Saturday, 21 May 2011

The Bloody Avant-Garde




Here's me, performing my spoken word piece 'The Bloody Avant-Garde' at the Drill Hall last year. Fabulous photos by Katherine Emtage.


bacteria-friendly paint: day 1

More of the exciting collaboration between myself, Simon Park and Serratia marcescens.

This is day 1. A variety of paint media, agar plate, some swarm-ready bacteria.

All photos here by Simon Park, who is doing this work in his lab down in Surrey.



bacteria-friendly paint: day 2

And here at day 2.

All kinds of exciting things going on here. Lots of lovely traces of the chiral flows of their swarming activity, the power of their rivers of swarming to dislodge particles may times their size (think of a flash flood, filled with living car-wash brushes, with a parcel-post system by which they talk to each other). Zones of inhibiton around the purple (cobalt phosphate, very nasty, who would want to go for a swim in that? And great big heavy particles too. But interestingly they had a right good swarm through it in the watercolour medium all the same.)

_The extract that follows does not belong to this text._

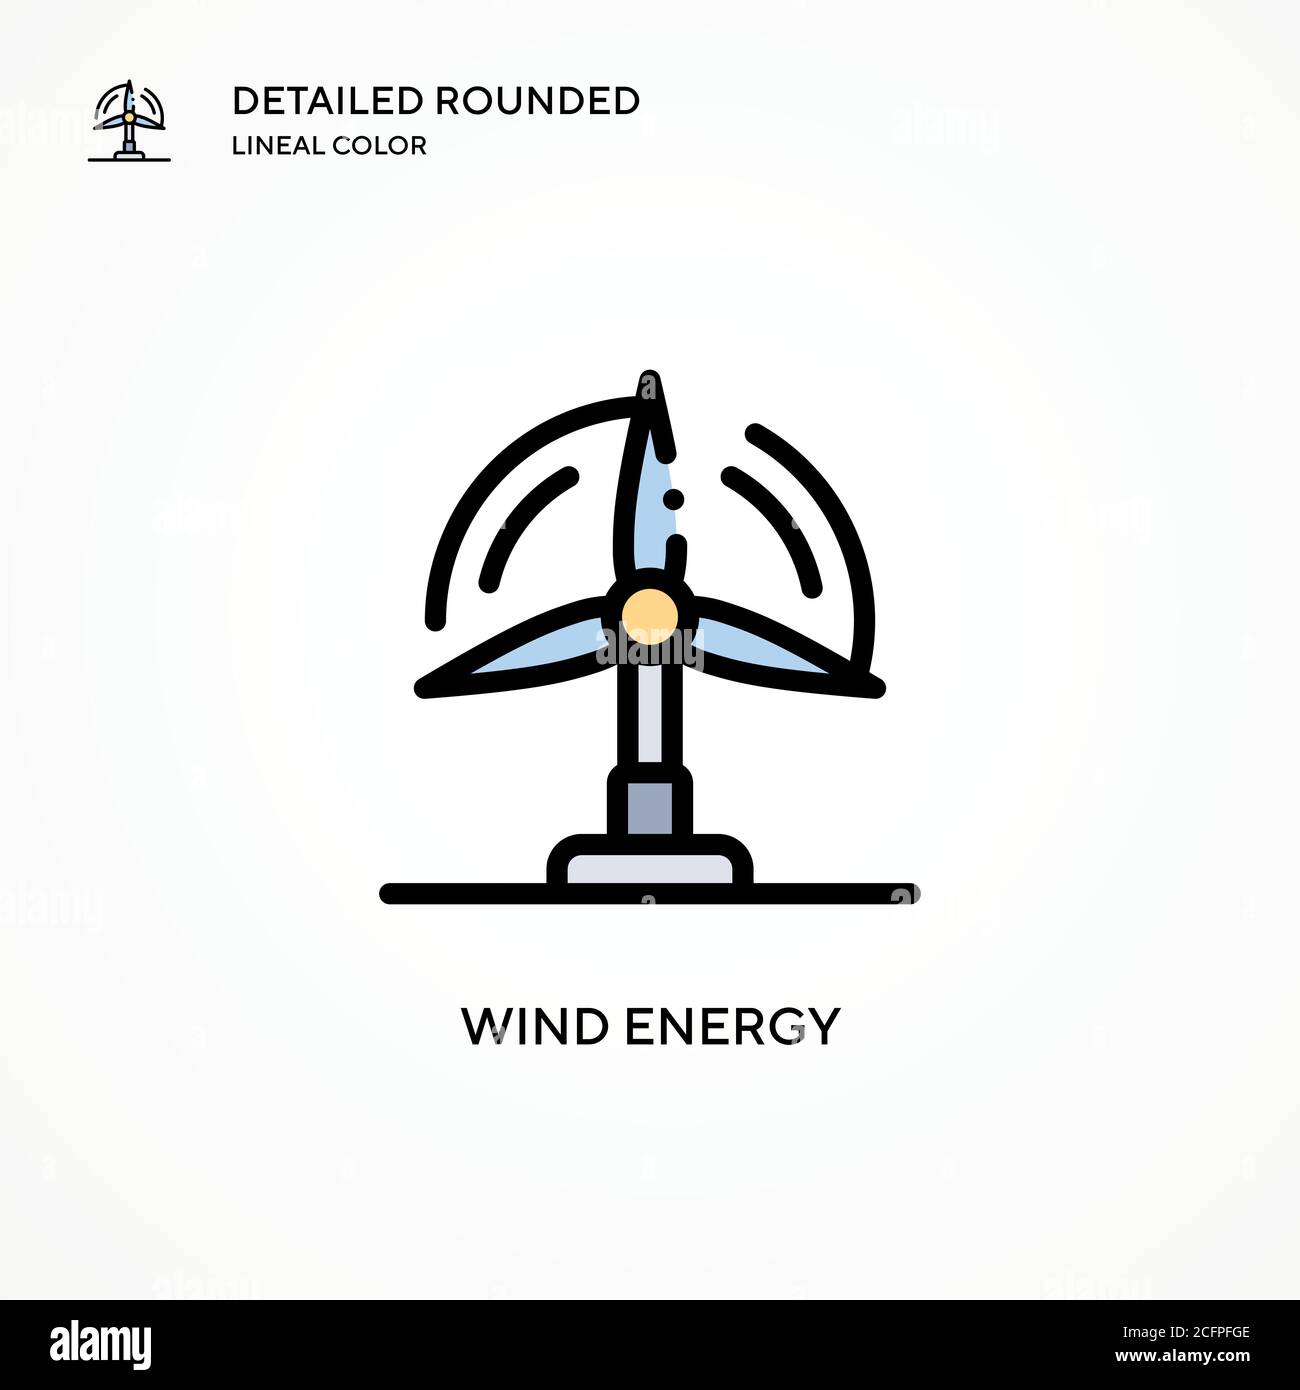 Wind energy vector icon. Modern vector illustration concepts. Easy to edit and customize. Stock Vector

I'm delighted that it's the actual watercolour medium they really run away with. I didn't add the traditional ox gall or any other surfactant to the mixture because they make their own in the swarm fluid (serrawettin). It's just gum arabic, glycerin, honey and water and pigments, no extenders, fillers, no fungicidals.

Again, the lovely photography here is all by Simon Park, please don't reproduce his images without his permission.










Thursday, 5 May 2011

divergence



so it turns out that 'the Joy of Peristalsis' very quickly became 'er, dunno, a tree... lungy thing... principle vessels of the baw bag?'

And then, finally a dark matter, as shown here in the wee on-its-sidey video, filmed with the lights out and a UV led on a chopstick, my glorious invention. ("Hooray! I've invented the torch!")



state o' that film studio

well the jury is still out as to whether there is actually any art going on here at all, but anyway this is the state of it.

hydrophiliac



another watery treat from the internationally aclaimed Blue Peter School of New! Media.

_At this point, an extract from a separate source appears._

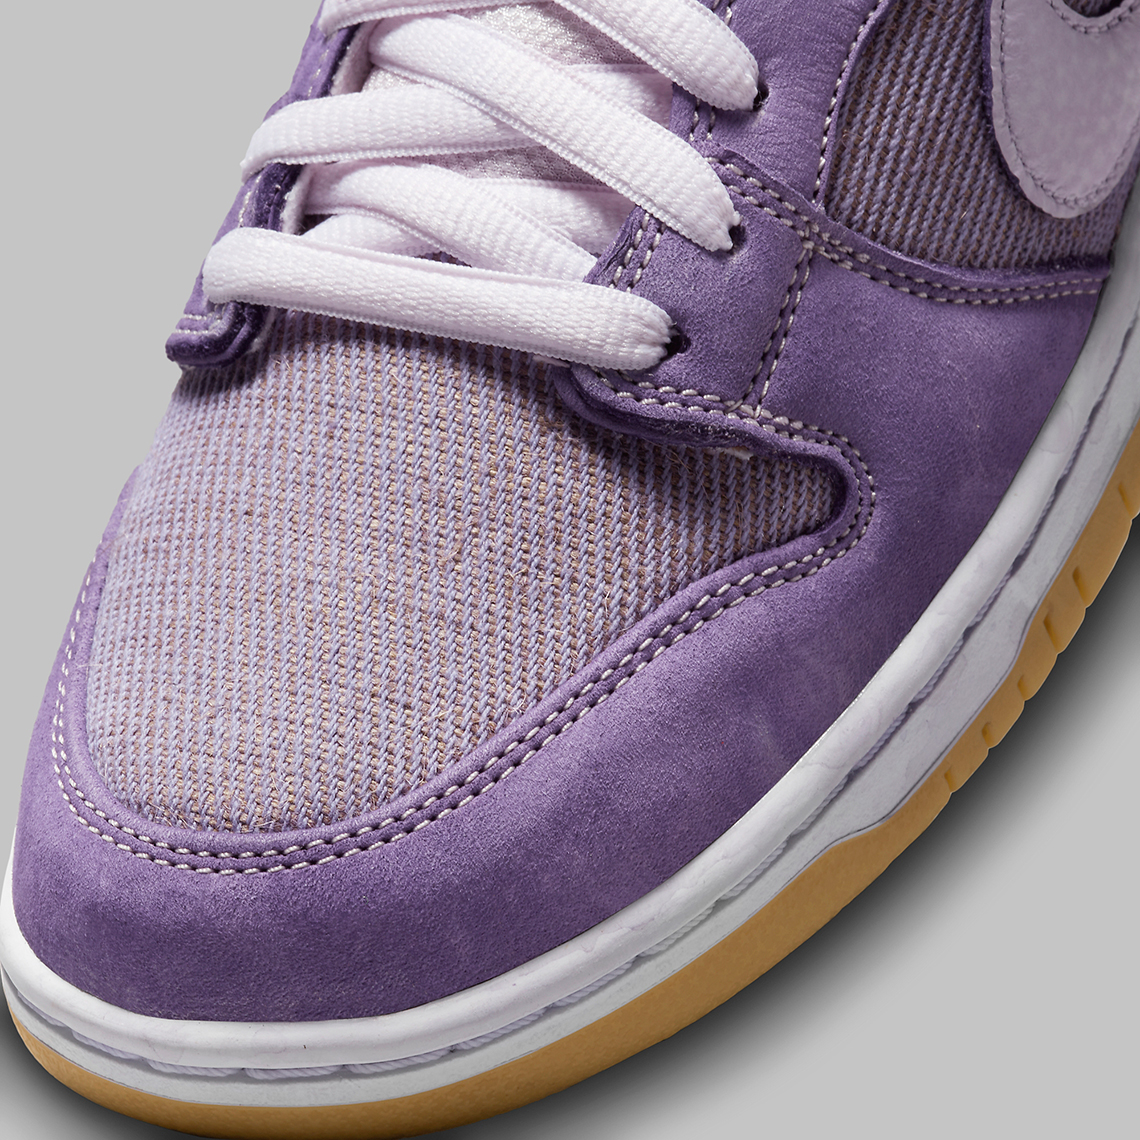 Nike SB Dunk Low Unbleached Pack

This is Dave Murray-Rust with a home-made hydrophone recording bacterial by-products in a vibrating column on audio and me charting the formation of the substrate for "the joy of peristalsis" in my state-of-the-art film studio.

Saturday, 30 April 2011

painting with bacteria

So here are some nice pictures of a collaborative work between myself and Dr. Simon Park of the University of Surrey and some bacteria.

The fluffy fractals are the ubiquitous soil bacterium Bacillus mycoides and the red painting fellas are everybody's favourite star of bathroom tile grout and shower curtain, Serratia marcescens, which has the enviable ability to become its own paintbrush by growing extra flagella to swarm with. And secretes its own surfactant in the swarm fluid, which is very handy if you want to dissolve watercolour paint. And uses the river of its swarm fluid to communicate with other members of its colony. Lovely.

All the photos in this post are by Simon Park, and the bacteria collected and cultured by him.

And thanks to Anna Dumitriu for introducing us as part of her fantastic Laboratory Life experience.















Sunday, 17 April 2011

How to read paintings

Of course I know that you already know how to read paintings, you look at 'em and see if you feel they resonate with you in any way and then you can say "Oh yeah I get that," or "Well I don't know what you might mean by any of this but I like the look of it," - or not.

But for those of you that do like to feel you Know Things here's a handy device for accounting for the curvature of the space-time continuum on two-dimensional encrusted surfaces. Feel free to knock one out on your 3D printer, the dimensions of the ruler itself are what-fits-in-your-handbag x how-you're-feeling.

Note the canny addition in this model of the grisly Second Zero, the off-at-the-plug Just Not , Not Ever, ugh-I-get-vertigo-just-thinking-about-it Dreadful Nought of Nothingness, to be distinguished from the comfy not-now or not-in-this-case functional zero of life processes and things we can understand

Wednesday, 13 April 2011

abstract microscopy

Watercolour paint, agar, the red stuff is a pigmented bacteria, I don't know who, though I have my suspicions. It's alive at this point but the interesting swirls are caused by mixing rather than motility.

Everything went wrong with this, suffered from First Pancake Syndrome but I liked the pictures anyway so I've put them up in case anyone else does.